INPUT:
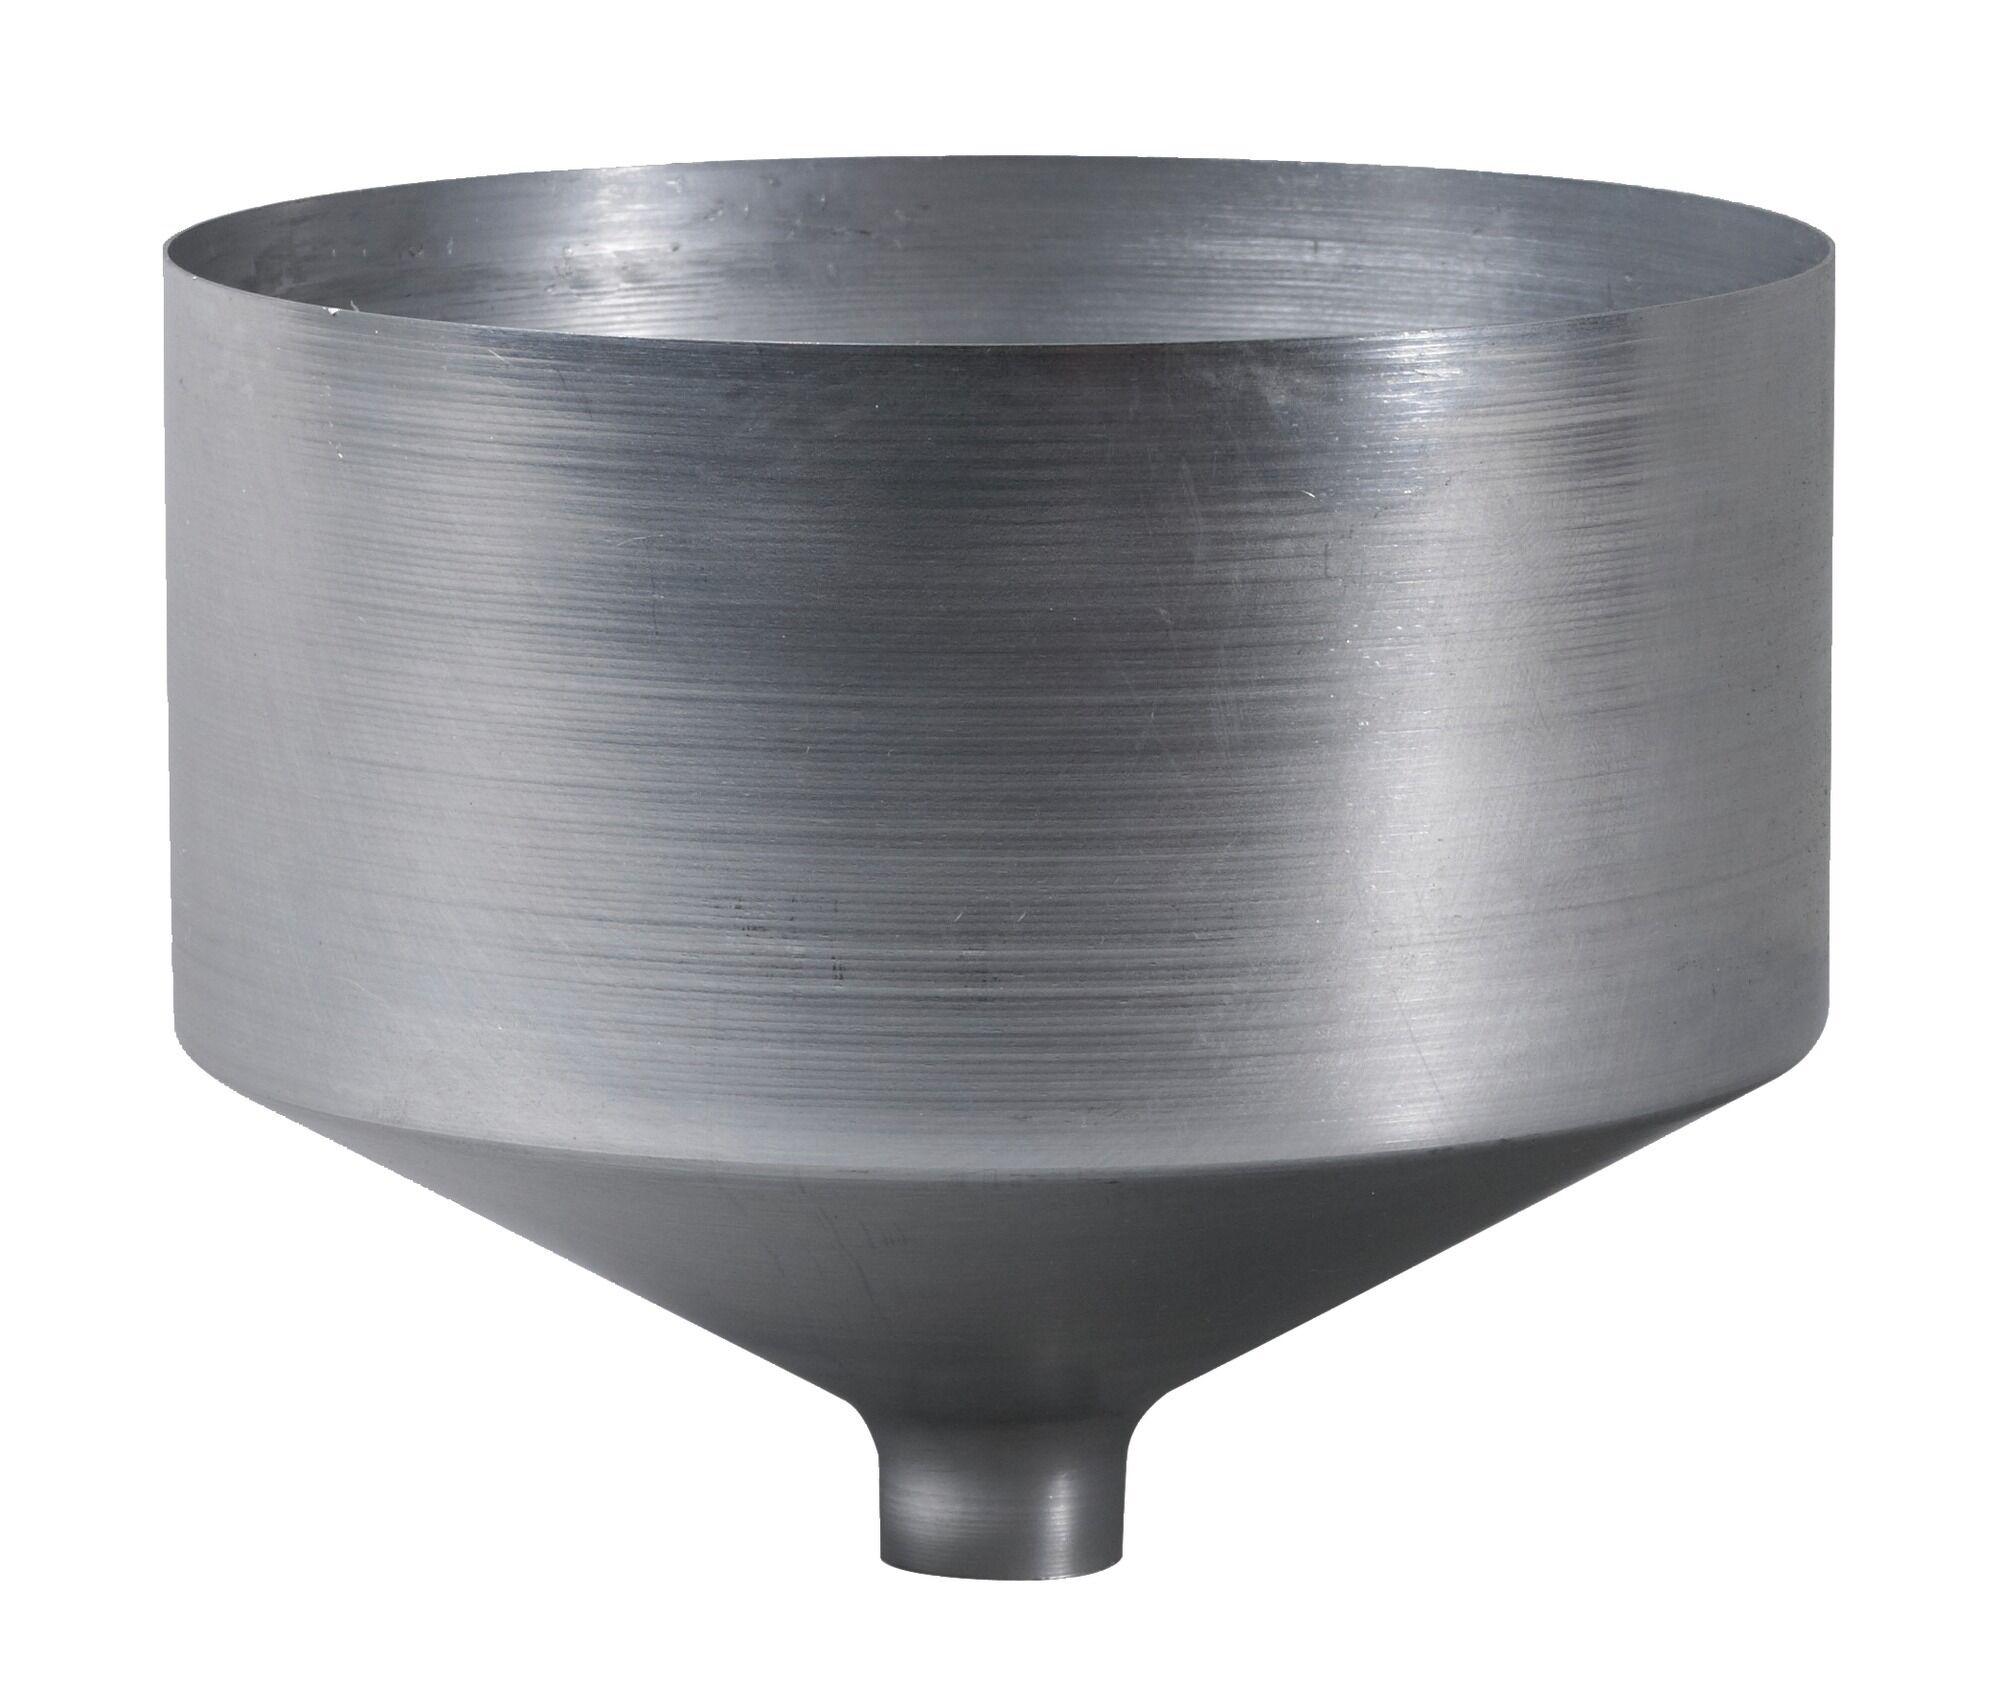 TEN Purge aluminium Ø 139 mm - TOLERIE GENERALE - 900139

---

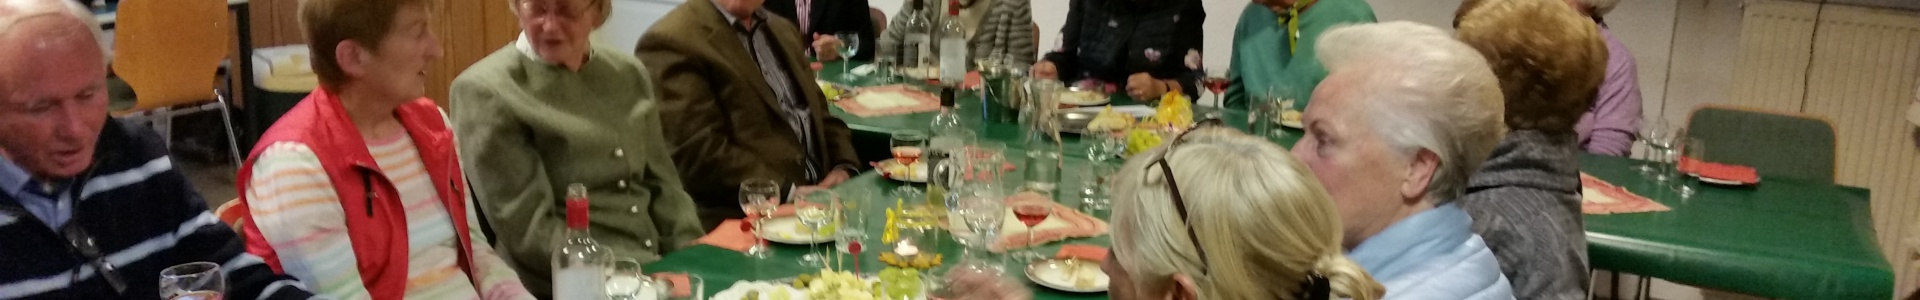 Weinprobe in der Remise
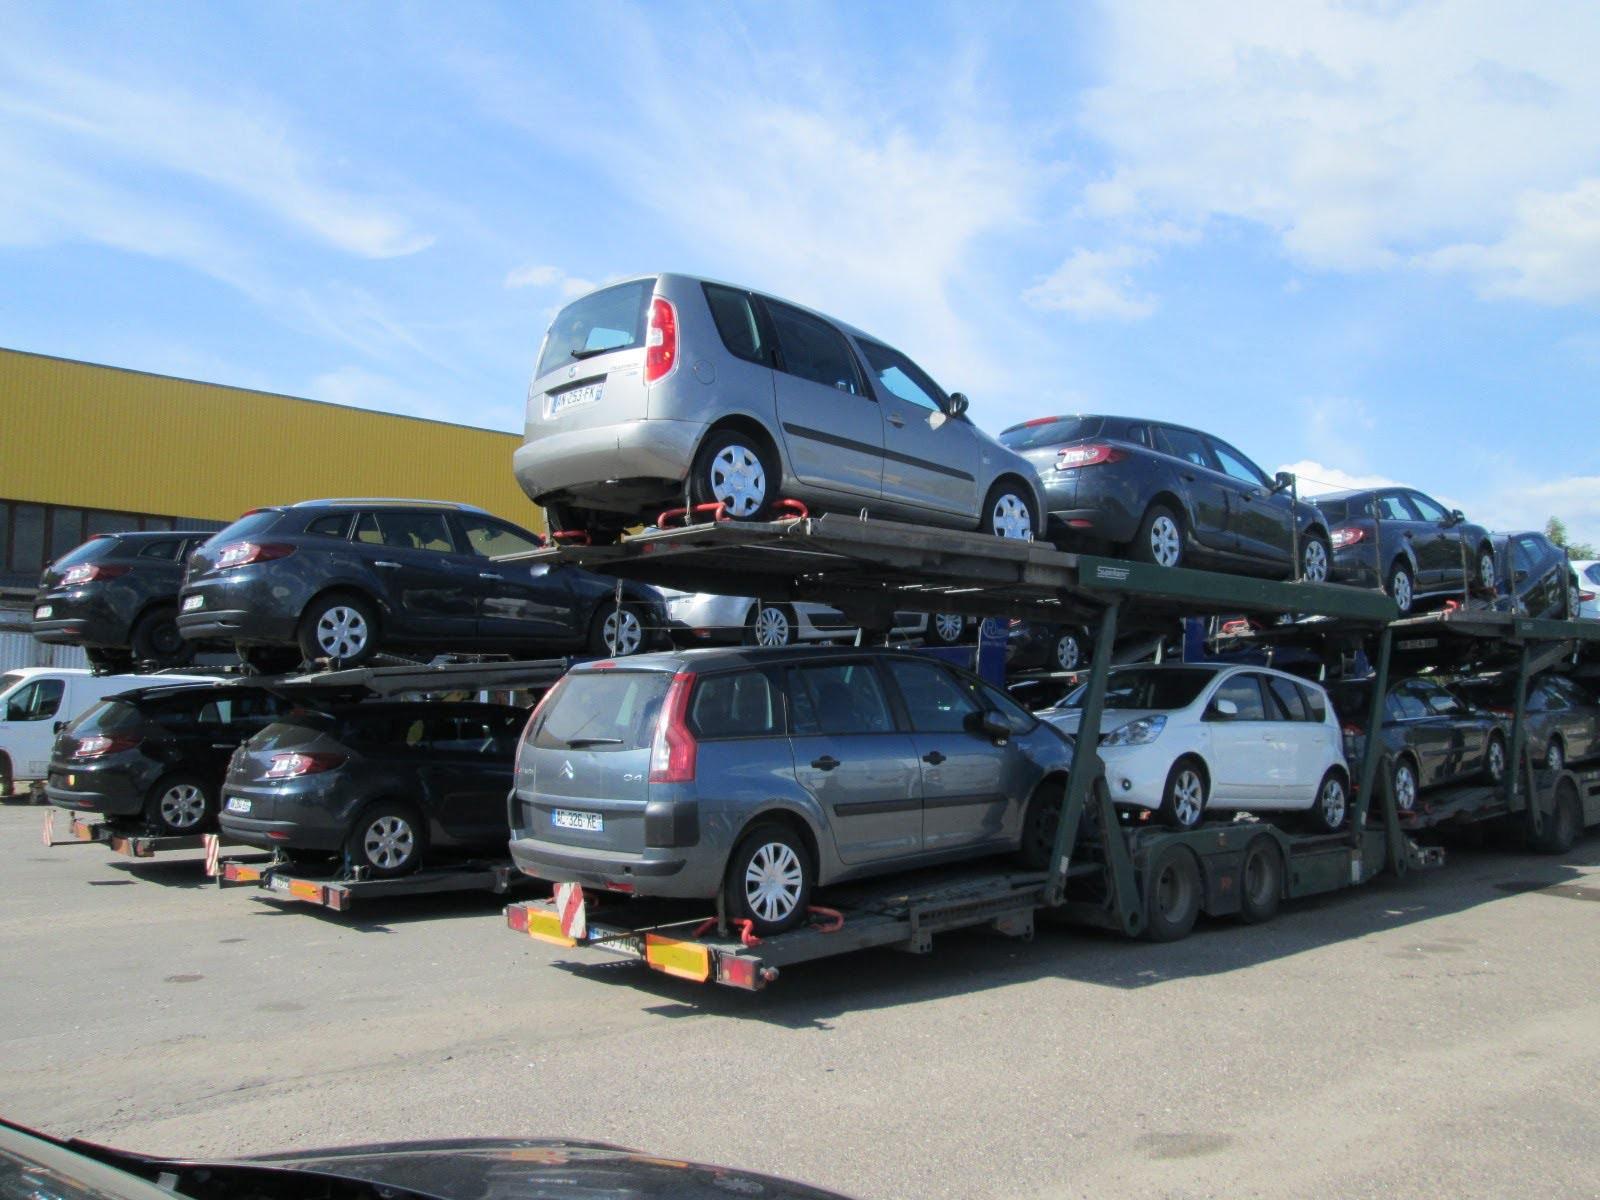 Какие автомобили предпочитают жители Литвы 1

==

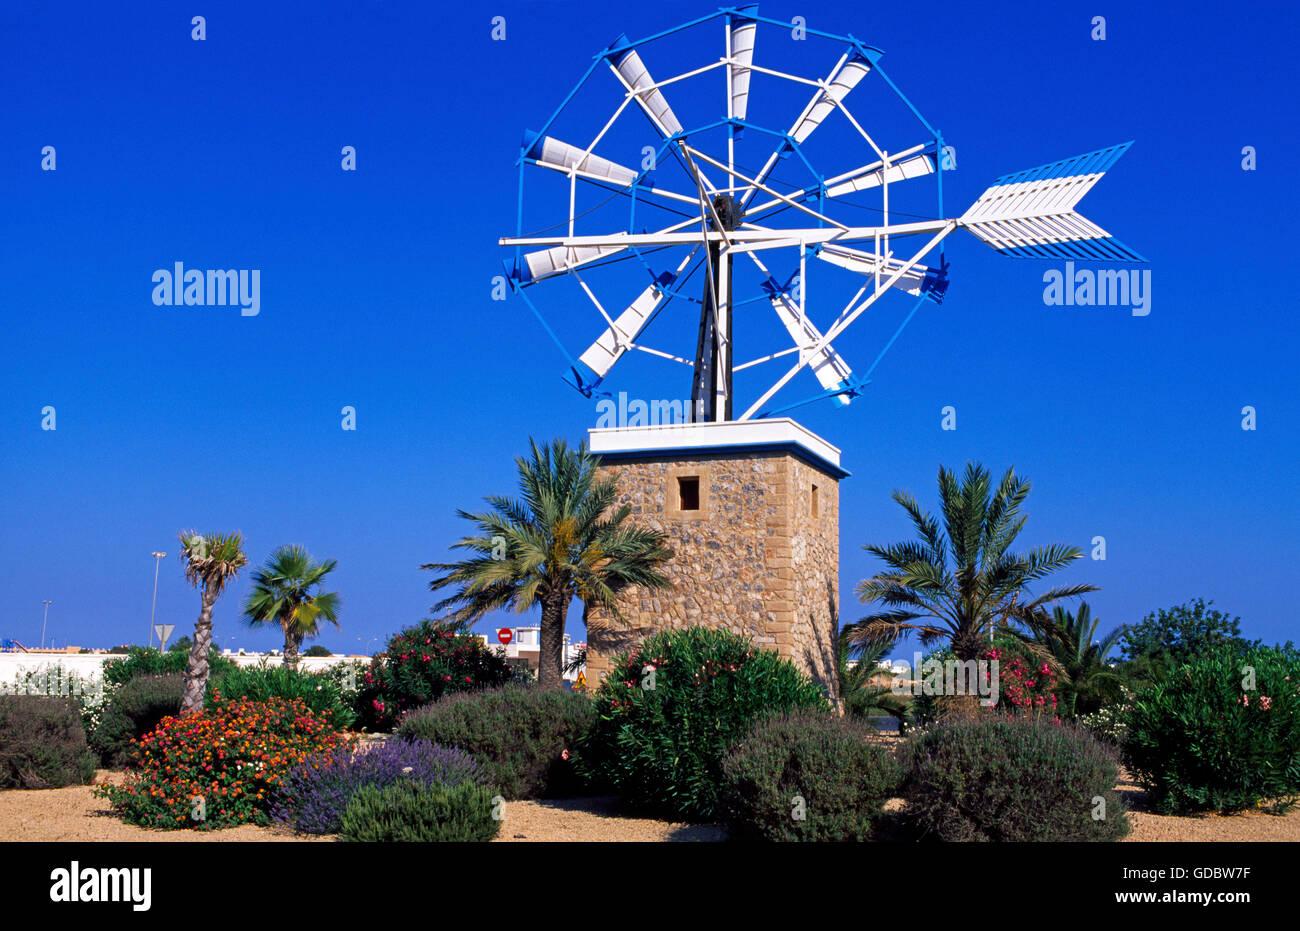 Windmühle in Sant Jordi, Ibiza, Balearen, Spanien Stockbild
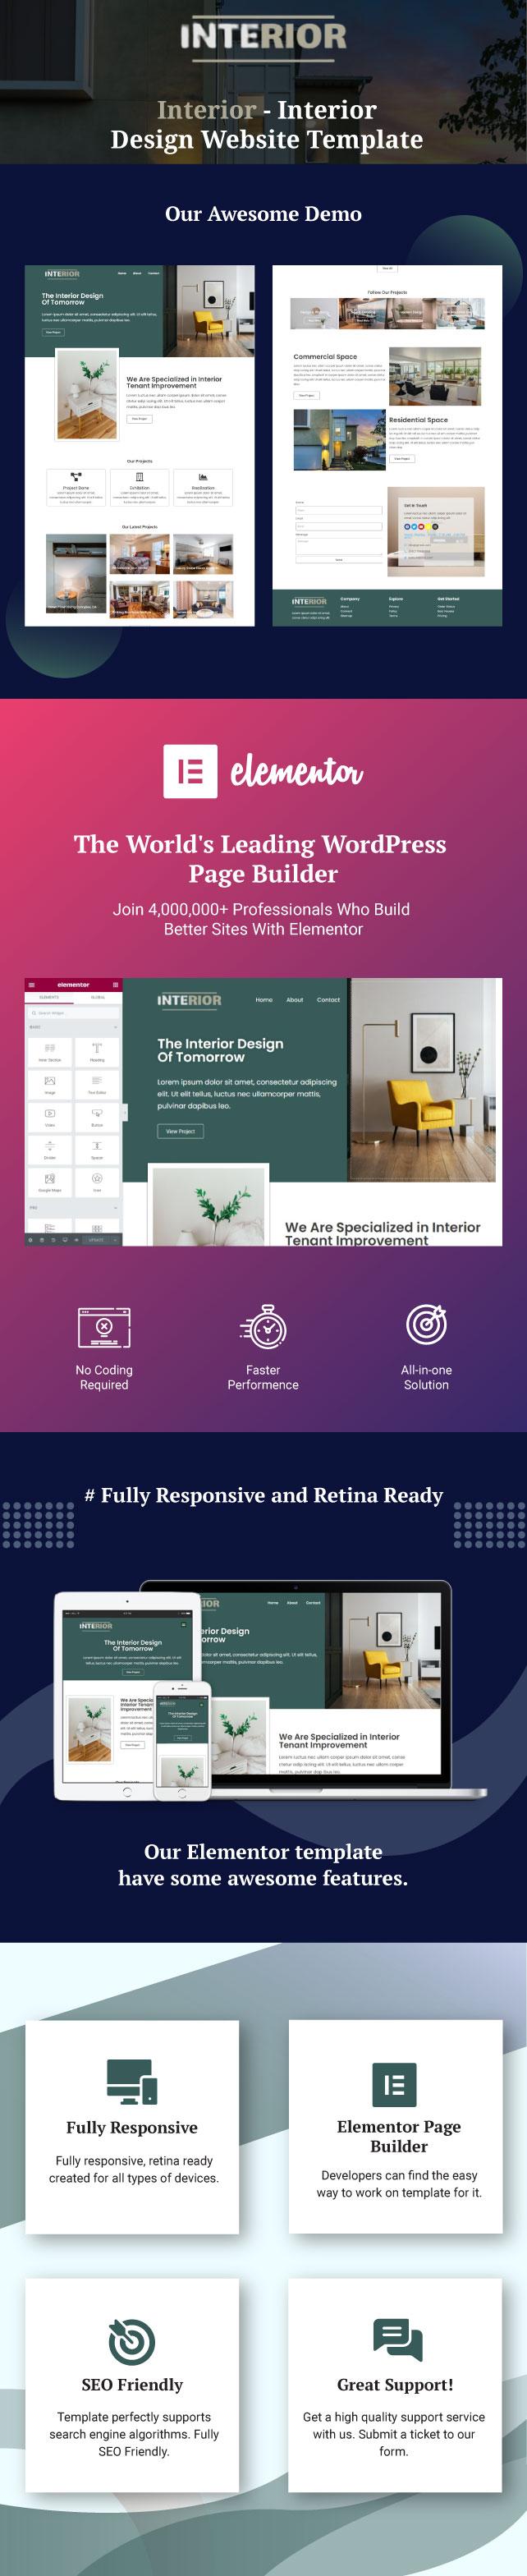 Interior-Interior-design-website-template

ASSIGNED TASK: The response must repeat exactly the lines above from the one with "Weinprobe in der Remise" through the one with "Какие автомобили предпочитают жители Литвы 1", including both, and must contain no pictures and no other text.

WORKED SOLUTION:
 Weinprobe in der Remise
 Какие автомобили предпочитают жители Литвы 1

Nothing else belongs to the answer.